The Holm correction (also called Holm-Bonferroni) is a step-down multiple testing procedure that controls the family-wise error rate (FWER) while being uniformly more powerful than the Bonferroni correction. It works by sorting p-values from smallest to largest and comparing each to a progressively less strict threshold. The smallest p-value is tested against alpha divided by the total number of tests (same as Bonferroni). If it's rejected, the next is tested against alpha divided by n minus 1. The process continues until a p-value fails to reject, at which point all remaining hypotheses are retained.
The practical difference between Holm and Bonferroni is modest for small correction families. With 3 success metrics in a typical A/B test, the power gap is around 4 to 5 percentage points, as measured in the Confidence blog's analysis of multiple testing corrections. That means Holm detects a real effect slightly more often, but both methods perform similarly when the family size stays small.
How does the step-down procedure work?
The logic is sequential and intuitive.
Suppose you have 4 success metrics with p-values of 0.003, 0.012, 0.028, and 0.41, and your target alpha is 0.05.
- Sort the p-values: 0.003, 0.012, 0.028, 0.41.
- Compare the smallest (0.003) to 0.05/4 = 0.0125. It's smaller, so reject it.
- Compare the next (0.012) to 0.05/3 = 0.0167. It's smaller, so reject it.
- Compare the next (0.028) to 0.05/2 = 0.025. It's larger, so stop. Retain this and all remaining hypotheses.
Result: two metrics are significant, two are not. Bonferroni would have tested every p-value against 0.05/4 = 0.0125 and only rejected the first one. Holm picks up the second because, once the first hypothesis is rejected, the remaining family is effectively smaller.
This is why Holm is called a step-down method: it starts from the most significant result and steps down through the sorted list, relaxing the threshold at each step.
When does Holm outperform Bonferroni?
Holm's advantage grows with two factors: the size of the correction family and the number of genuinely non-null hypotheses.
When most hypotheses are truly null (nothing is different), Holm and Bonferroni behave almost identically.
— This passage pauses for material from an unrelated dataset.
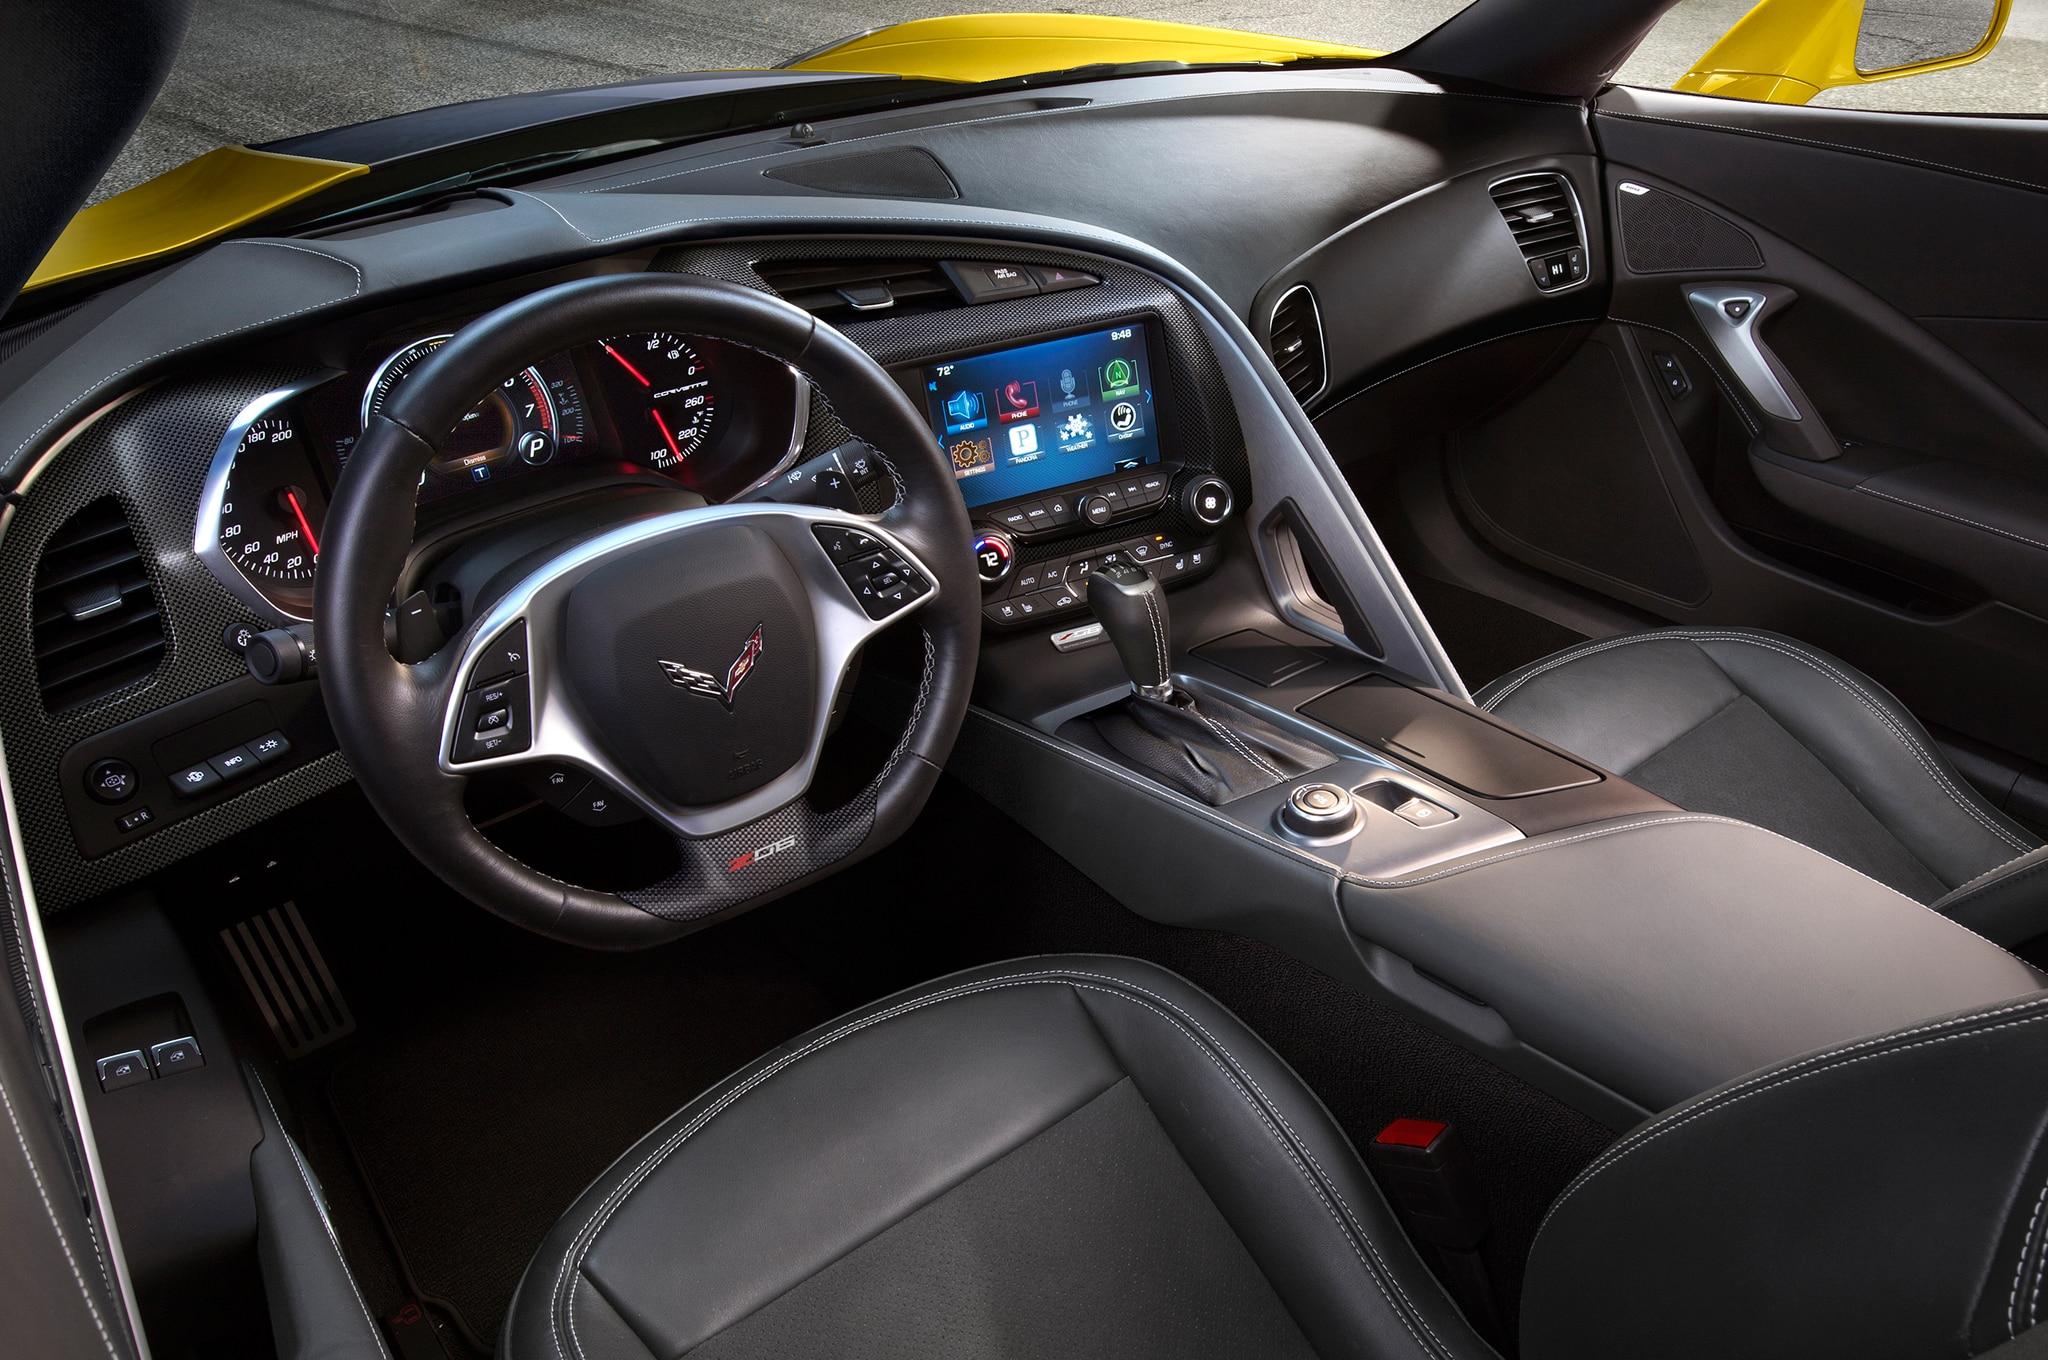 chevrolet corvette interior. enthusiasts chevrolet corvette interior t

The step-down relaxation only helps when earlier hypotheses are rejected, which rarely happens when there's nothing to find.
When several metrics have real effects, Holm's sequential relaxation kicks in. Each rejected hypothesis loosens the threshold for the remaining ones, giving the procedure more power to detect additional effects. With a correction family of 10 metrics and 5 real effects, the difference can be substantial.
For A/B tests with 1 to 5 success metrics, the typical scenario in Confidence, the gap is small. Most experiments have one or two real effects at most. The step-down doesn't have many opportunities to relax the threshold.
What does Holm give up compared to Bonferroni?
The main trade-off is that Holm doesn't produce simultaneous confidence intervals. It controls FWER for the rejection decisions (which hypotheses are significant), but the adjusted p-values it produces don't correspond to confidence intervals with joint coverage guarantees. If you want to report "the effect on metric X was between A and B, and the effect on metric Y was between C and D, and both intervals hold simultaneously," Bonferroni gives you that. Holm doesn't.
This matters when stakeholders want to interpret effect sizes alongside significance decisions. If the question is purely "which metrics are significant?", Holm is a strict improvement. If the question is "what's the plausible range of the effect on each significant metric?", the Bonferroni-adjusted intervals are more useful.
Holm also makes sample size calculations harder. Bonferroni's per-test alpha is fixed before the experiment, so you can calculate the required sample size directly. Holm's effective threshold for each test depends on how many other tests are rejected, which you don't know in advance. In practice, teams size their experiments for the Bonferroni threshold and treat Holm's extra power as a bonus.
How does Confidence handle the Holm correction?
Confidence uses the Bonferroni correction as the default for FWER control on success metrics. This choice reflects the practical advantages of simultaneous confidence intervals and straightforward power calculations, which matter for how teams interpret and act on results. The 4 to 5 percentage point power gap between Bonferroni and Holm is a known cost, accepted in exchange for those properties.